Para o Dr. Antônio Geraldo, o suicídio é uma emergência médica e tem que ser tratada como tal. “Uma pessoa que tem caso hipertensivo alto, quando tem um infarto agudo do miocárdio ou uma fratura exposta são exemplos de emergências médicas. Praticamente, 100% daqueles que suicidam são portadores padecentes de uma doença mental. Se o óbito por suicídio acontece por que as pessoas têm doença mental, quando se tem a ideia disso, é preciso procurar um serviço médico, de preferência um psiquiatra. Não sendo possível, qualquer medico que possa ajudar a passar o ímpeto, a impulsividade, pois a ideia é mostrar que existe tratamento adequado, pois sem tratamento não há melhora. Quem trata as doenças mentais é o psiquiatra e não ir até ele é puro preconceito, estigma, não faz bem algum”, enfatizou.

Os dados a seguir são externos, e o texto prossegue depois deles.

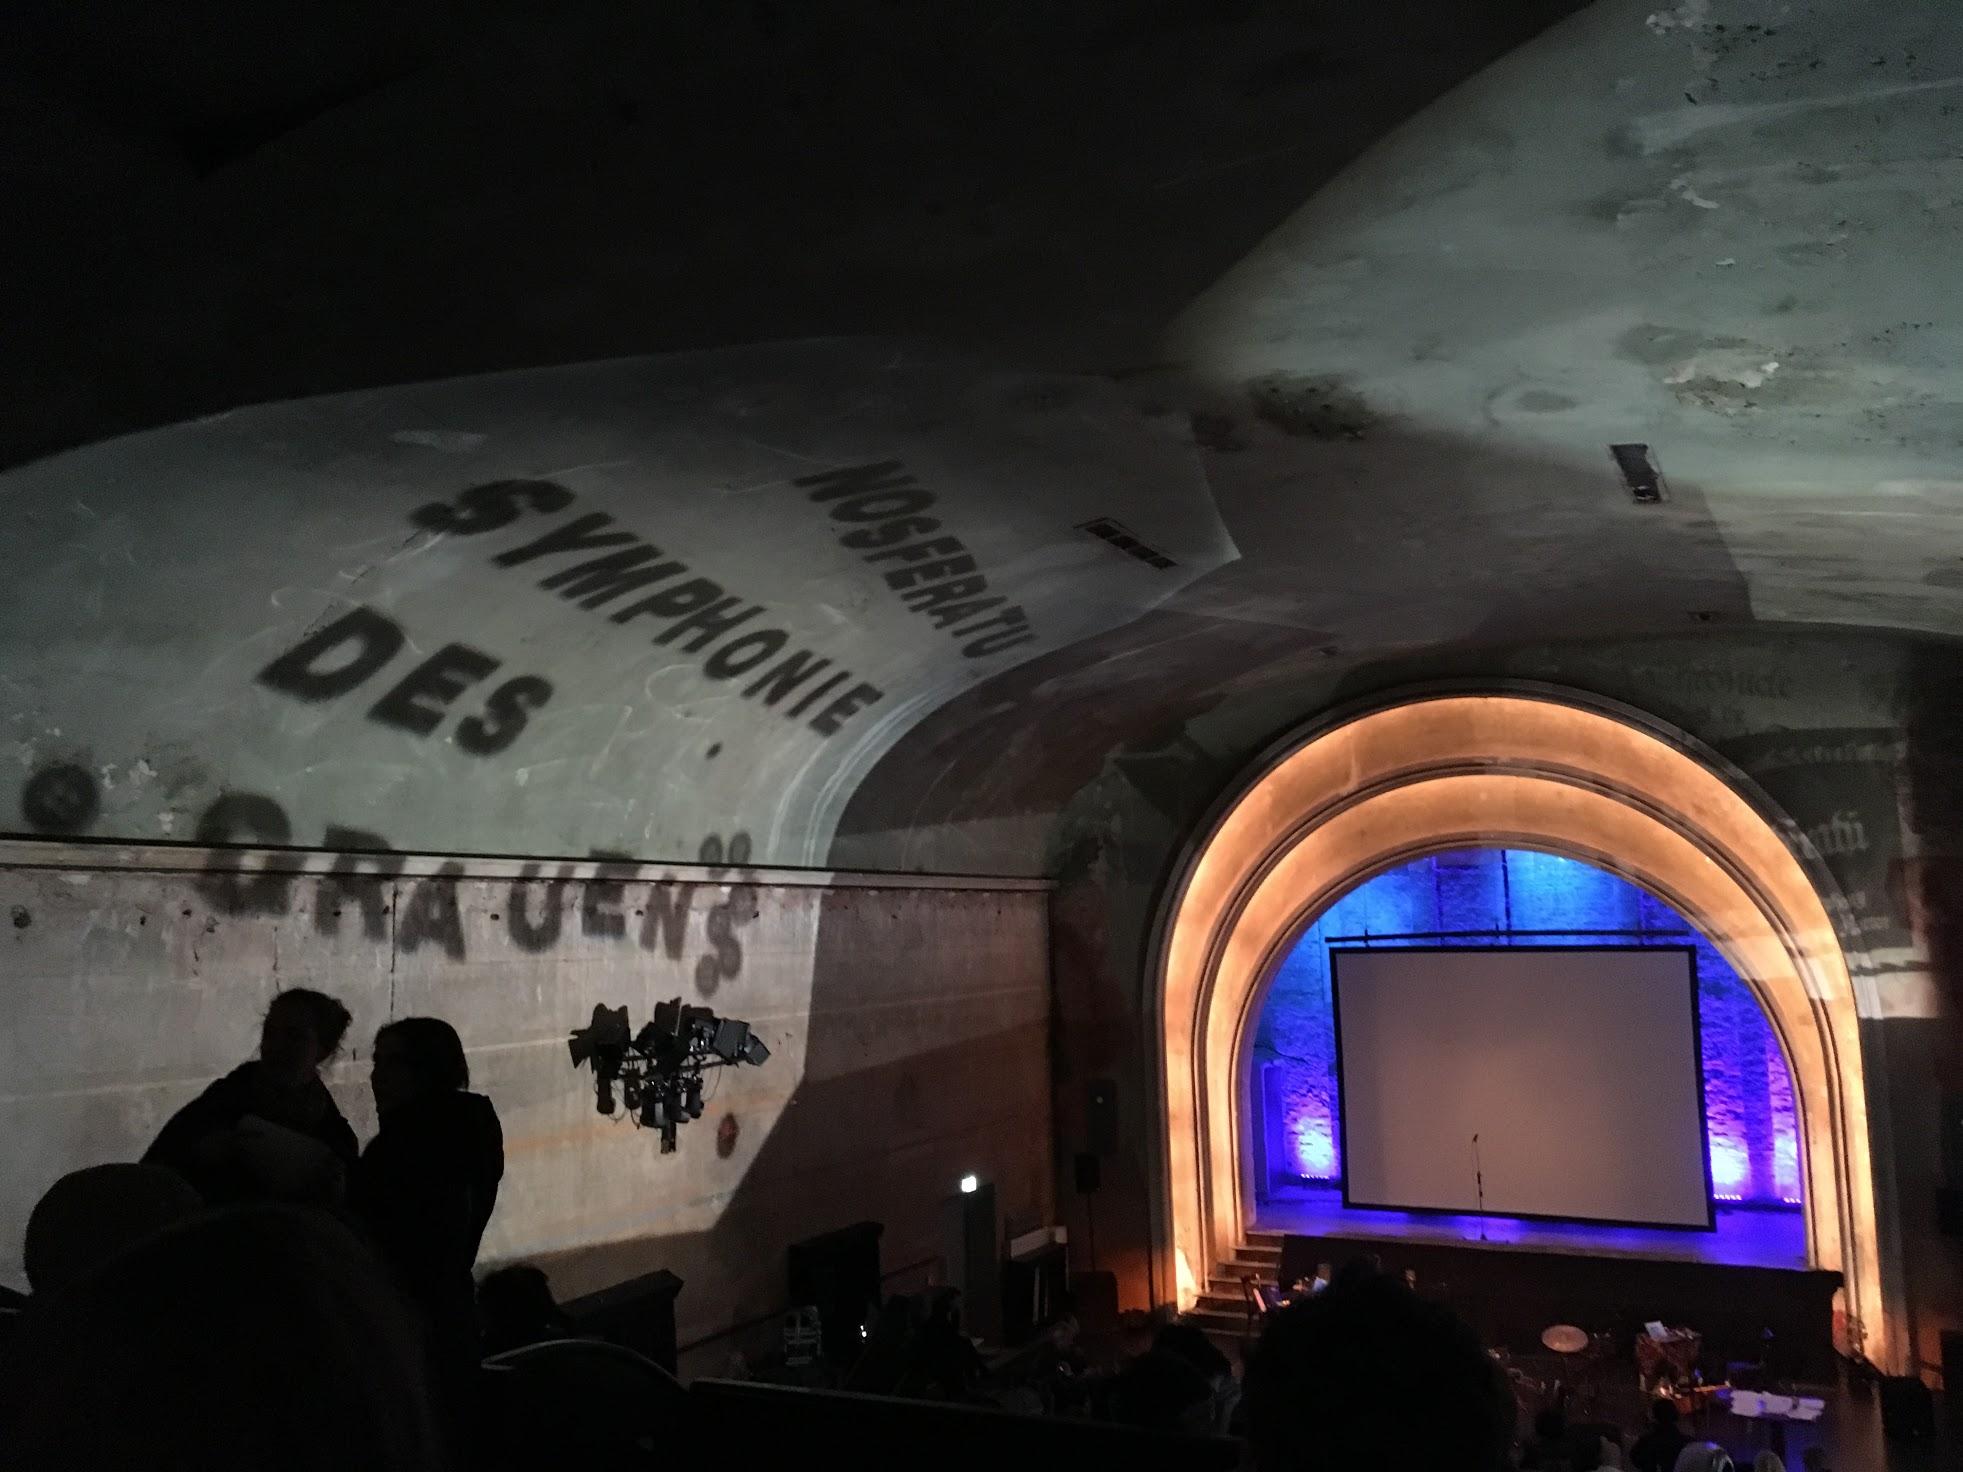 Nosferatu  with live musical accompaniment and projections, Delphi Stummfilmkino, February 2018
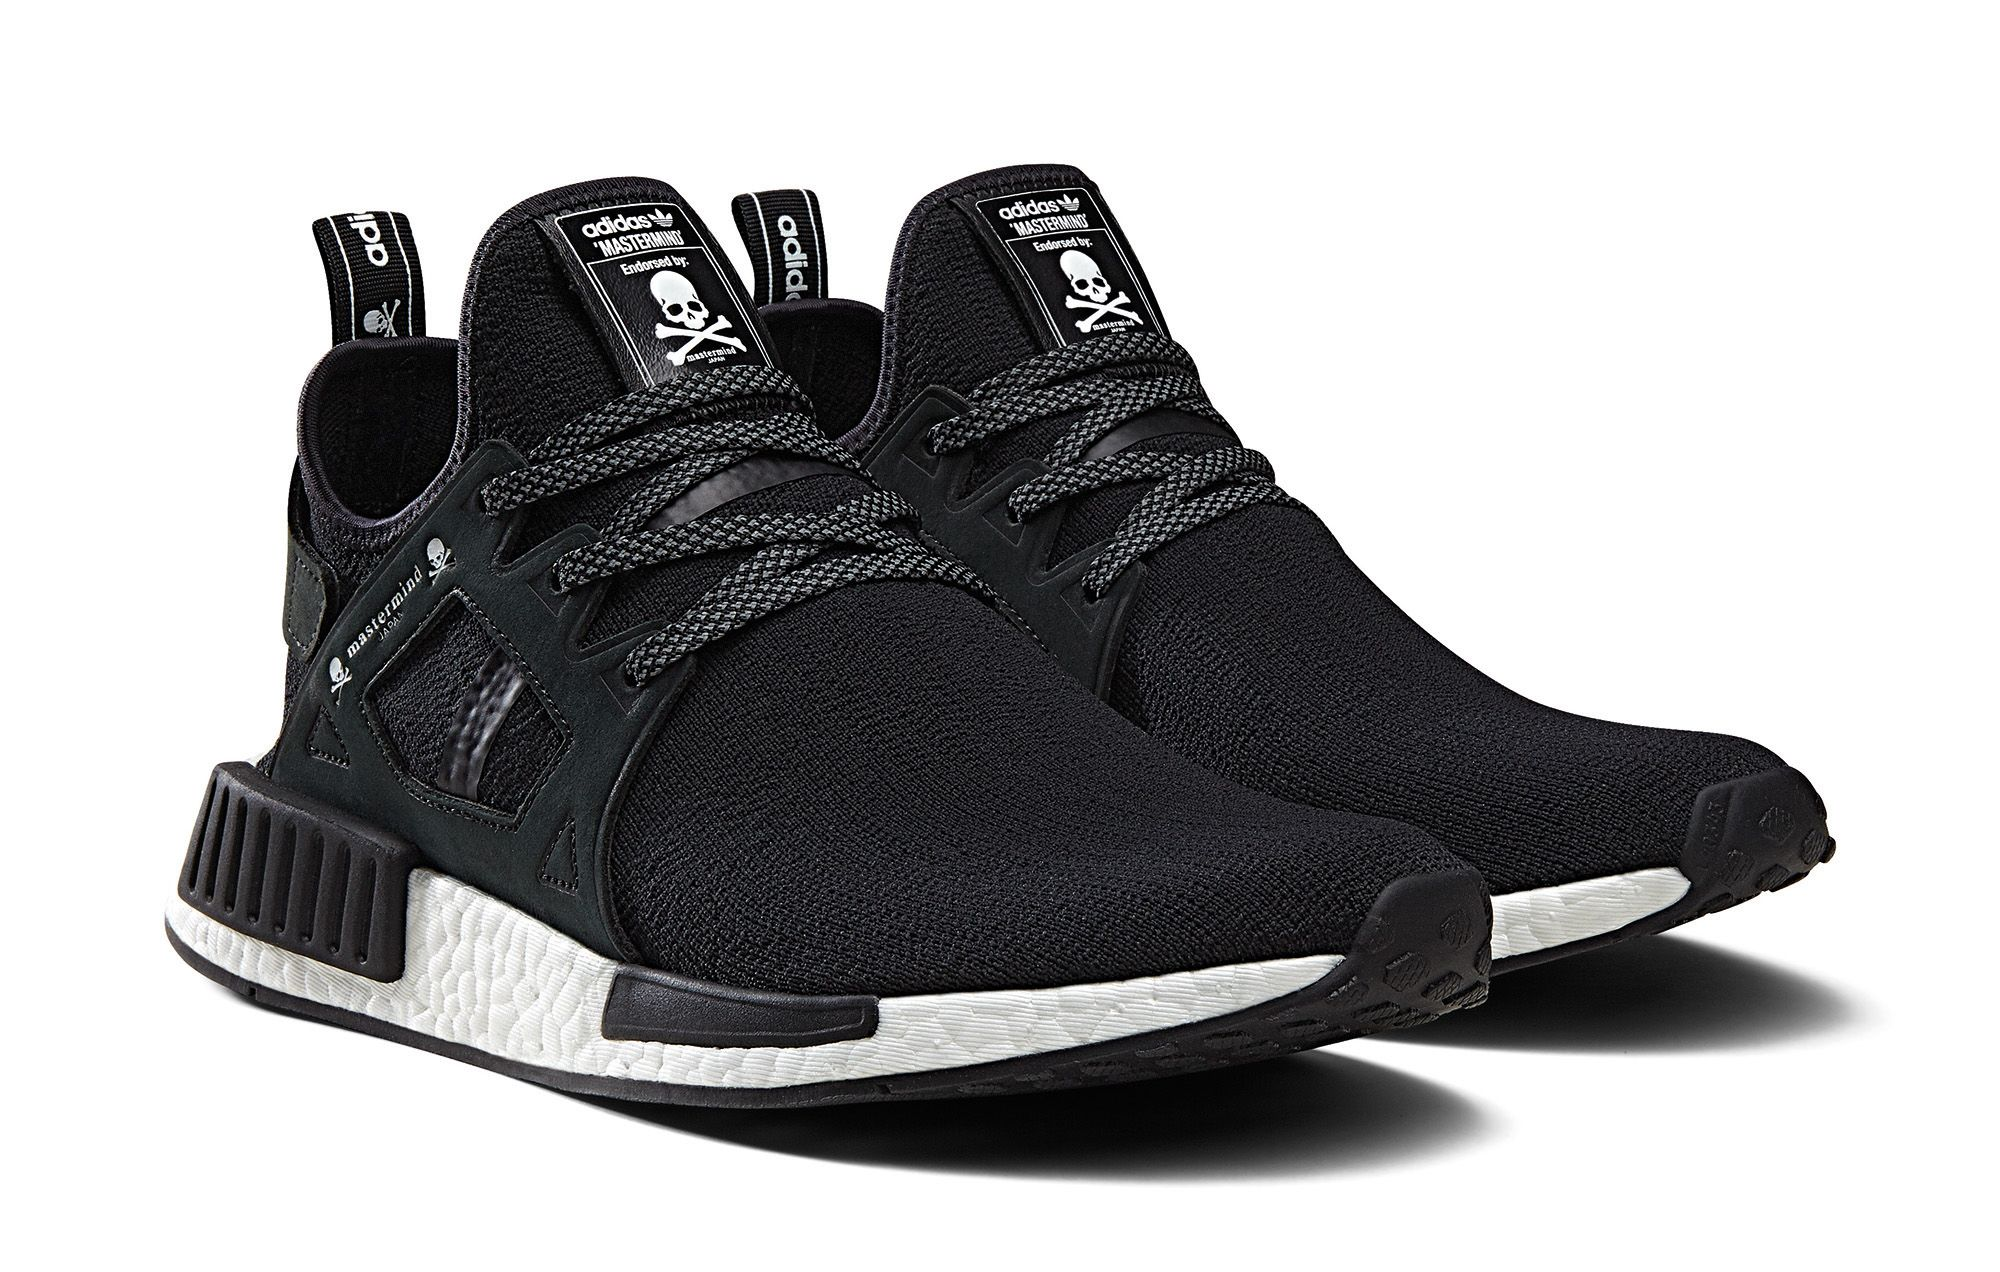 Adidas Originals X Mastermind Japan Statement Injection Pack Adidas Schuhe Sneakers Mode Manner Turnschuhe

Falando sobre políticas públicas, Dr. Quirino Cordeiro Júnior trouxe dados e mudanças realizadas pelo Ministério da Saúde dentro das políticas públicas de saúde mental. “Esta é uma iniciativa louvável do Sindicato dos Médicos do Piauí, trazendo para o seu seio a discussão da temática suicídio. Uma área que tem ganho áreas dramáticas no país, com aumento importante da sua taxa nos últimos anos. Diante desse cenário, o Ministério da Saúde acabou modificando a sua política de saúde mental para fortalecer a sua rede de atenção psicossocial”, comentou.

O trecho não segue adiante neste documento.